OpenRC sets its own PATH variable in /etc/init.d/functions.sh so that certain executables are available in openrc init scripts. However, the value of PATH set by OpenRC is exported and leaks into login managers like emptty. emptty maintainer decided to use the value of PATH set by /etc/pam.d/system-login instead of the PATH value set exported from OpenRC. It took months to fix emptty because of this issue. I think OpenRC shouldn't modify PATH value passed to programs executed by OpenRC. Reproducible: Always
Created attachment 739653 [details] 0001-do-not-export-path-to-the-environment.patch I don't know how to reproduce your bug, but this patch will make OpenRC not export PATH. Please apply it locally and let me know if it fixes your issue.

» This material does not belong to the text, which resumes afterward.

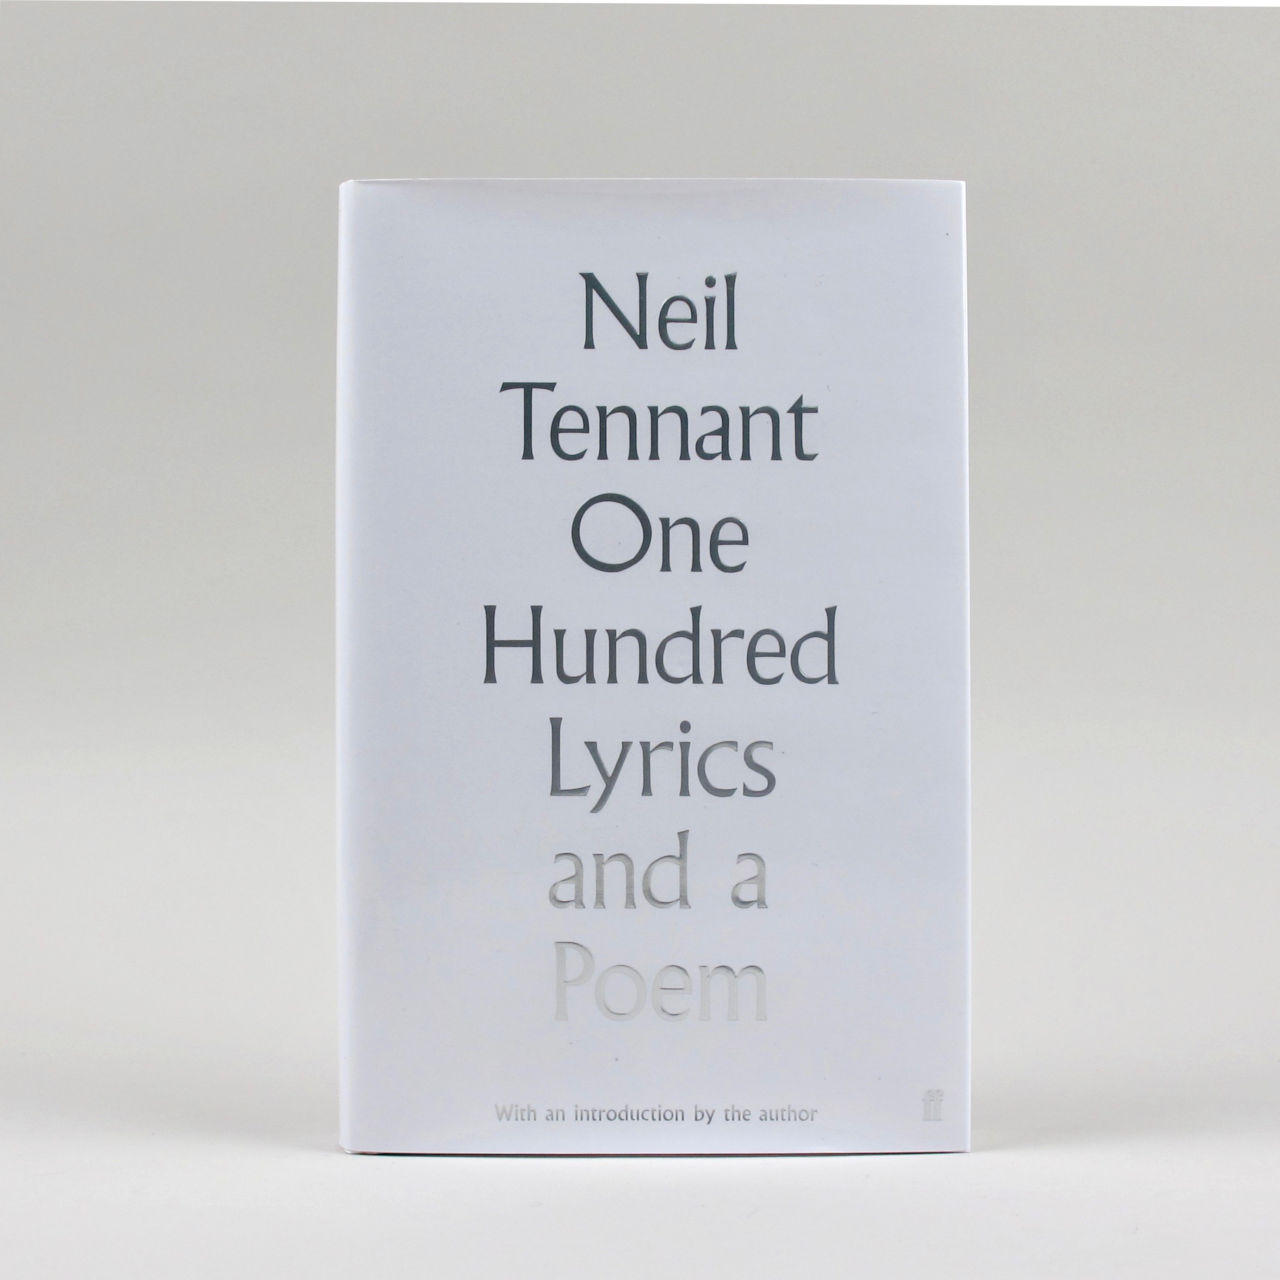 One Hundred Lyrics and a Poem - Neil Tennant
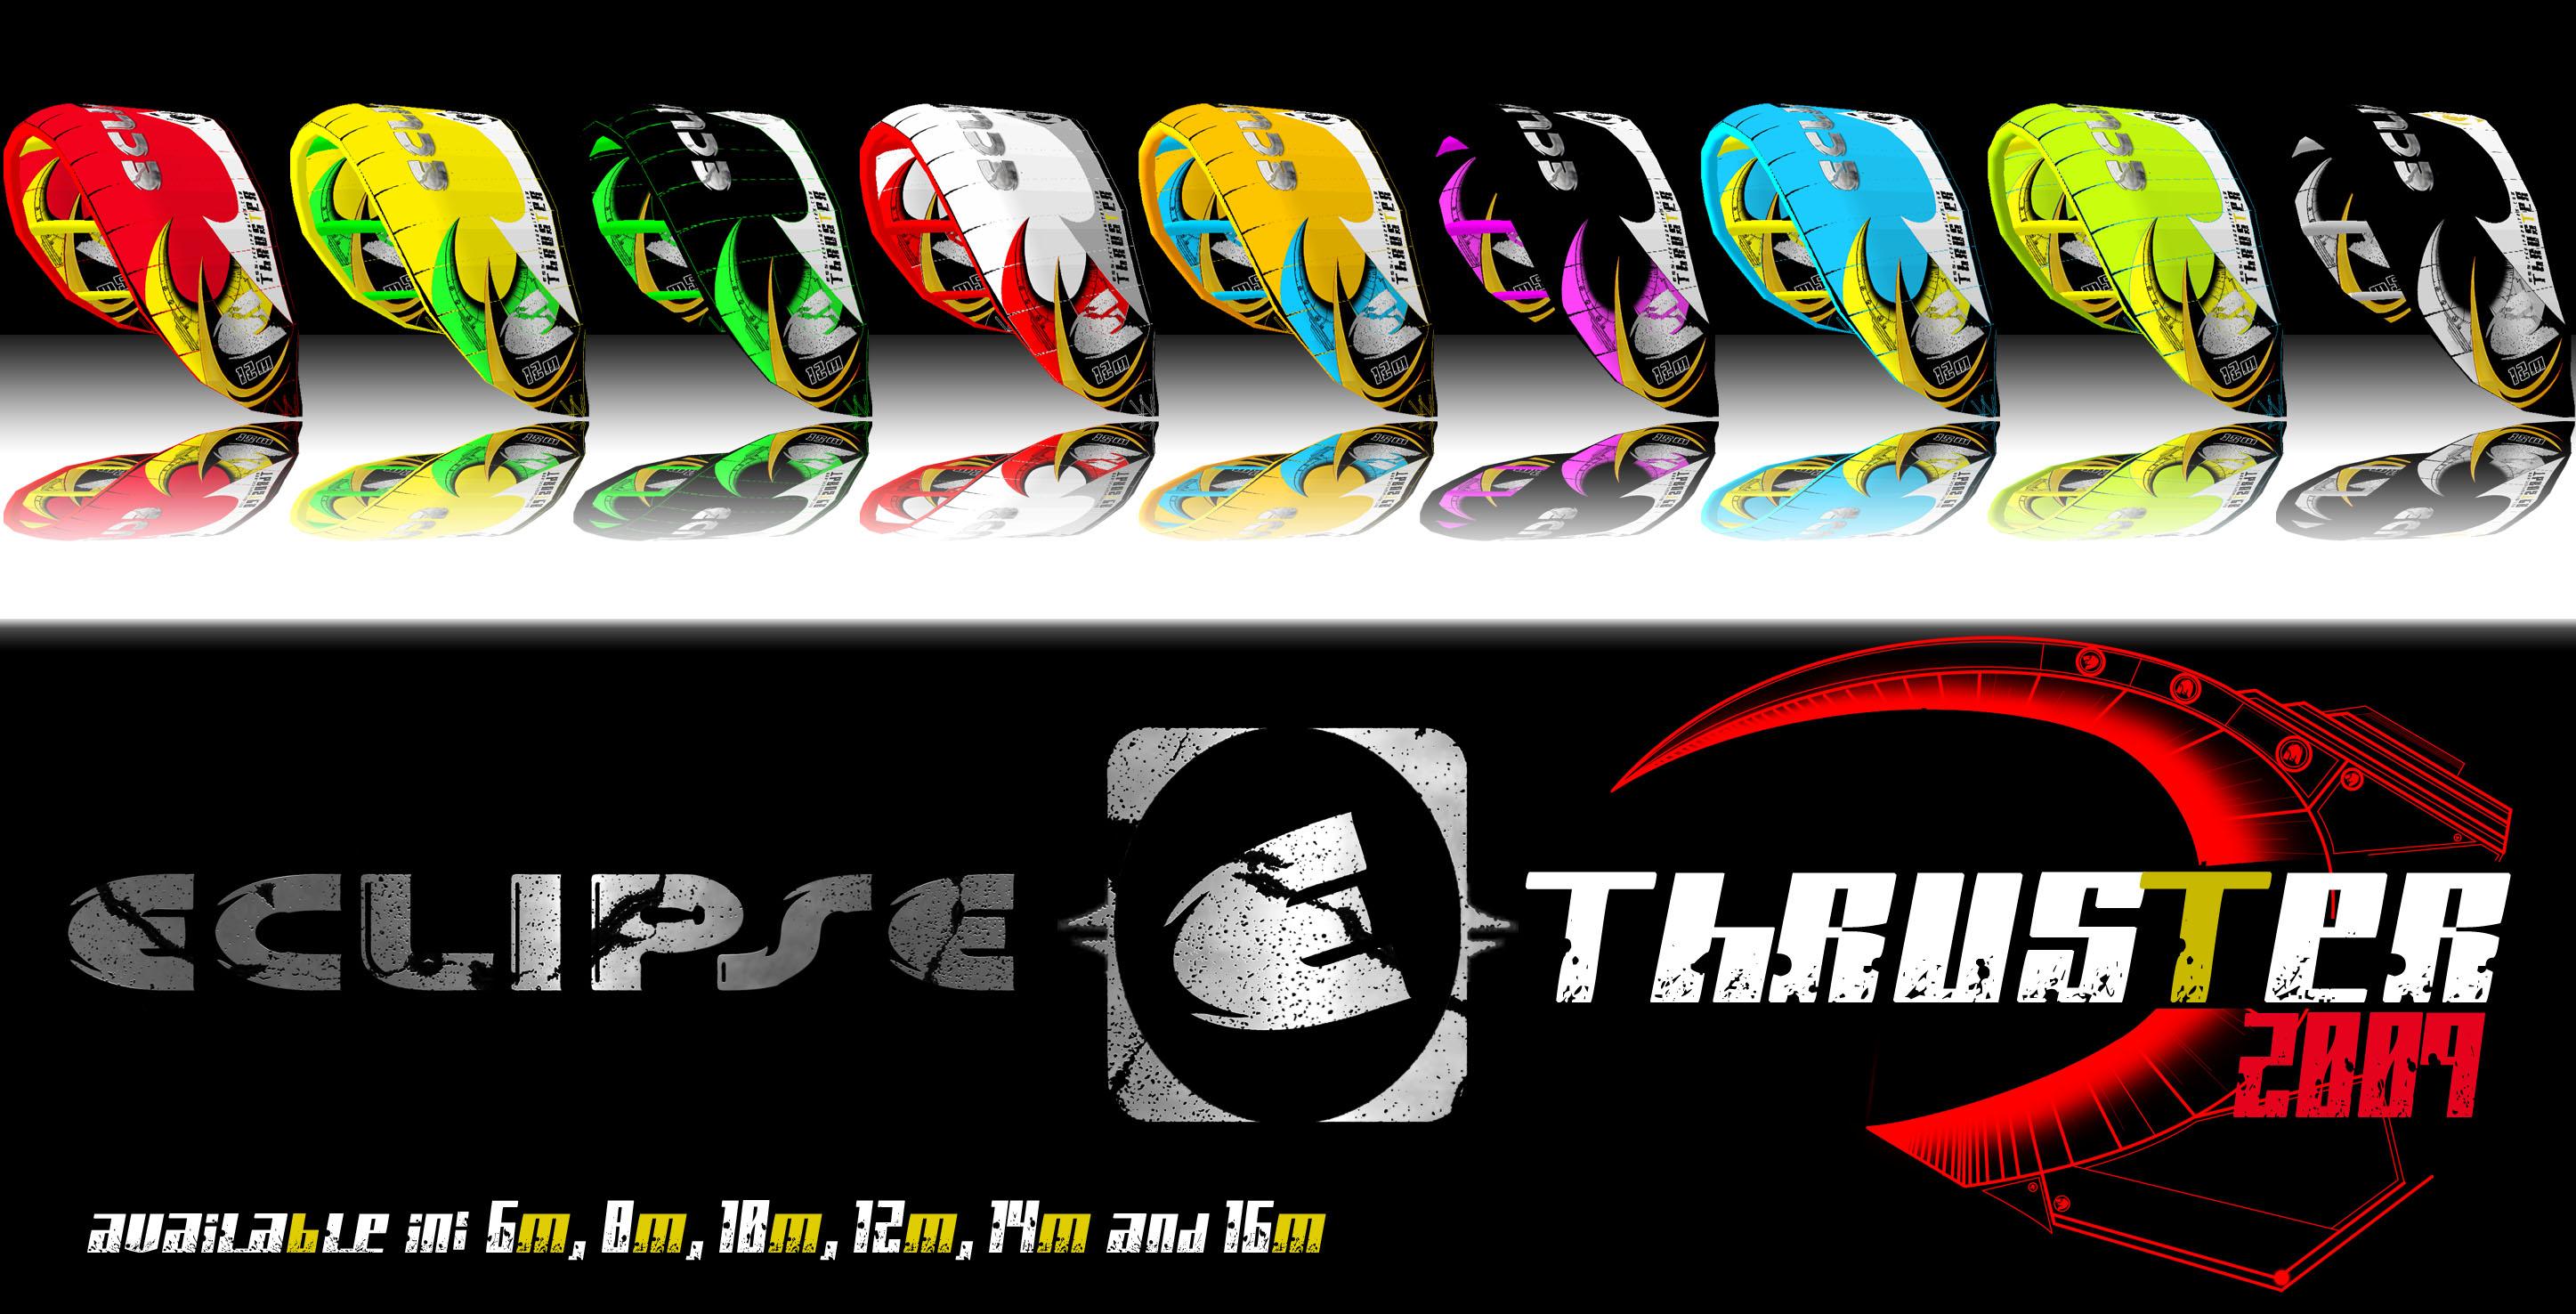 Eclipse thruster 2009 line up - work in progress

Thanks, William
It turns out that not exporting PATH doesn't change a thing because init scripts get the value of PATH modified by OpenRC. The init scripts just pass its PATH value to child processes.
Perhaps, OpenRC shouldn't rely on modified PATH value?
Can you please explain how I can reproduce the issue you are seeing? If I didn't modify the path, I would have to add all of the binaries in /lib/rc/* to /usr/bin or /usr/sbin, but I hesitate to do that.
It is not unusual for a package to have private binaries. It was suggested that start-stop-daemon and supervise-daemon could remove @libexecdir/bin and @libexecdir/sbin from the path before they spawn the daemon if they don't already. I will take a look at doing this.
Install gui-apps/emptty-0.6.0::crocket-overlay. Log in. Check the value of $PATH. emptty used to just inherit PATH from OpenRC and ignore PATH from PAM. Emptty started honoring PATH value from pam after 0.6.0.
PATH from OpenRC screws applications. PATH from /etc/profile.env and PAM /usr/local/sbin:/usr/local/bin:/usr/sbin:/usr/bin:/sbin:/bin:/opt/bin:/usr/lib/llvm/12/bin:/usr/lib/llvm/11/bin PATH from OpenRC /bin:/sbin:/bin:/sbin:/usr/bin:/usr/sbin:/usr/bin:/usr/sbin:/usr/local/bin:/usr/local/sbin:/opt/bin:/usr/lib/llvm/12/bin:/usr/lib/llvm/11/bin
/etc/pam.d/system-login contains session required pam_env.so envfile=/etc/profile.env which resets PATH.
I don't really know much about pam, so I'll ask the question here. Gentoo uses different pam settings for start-stop-daemon and supervise-daemon than openrc's defaults. Would it work to use openrc's defaults or would this break things too?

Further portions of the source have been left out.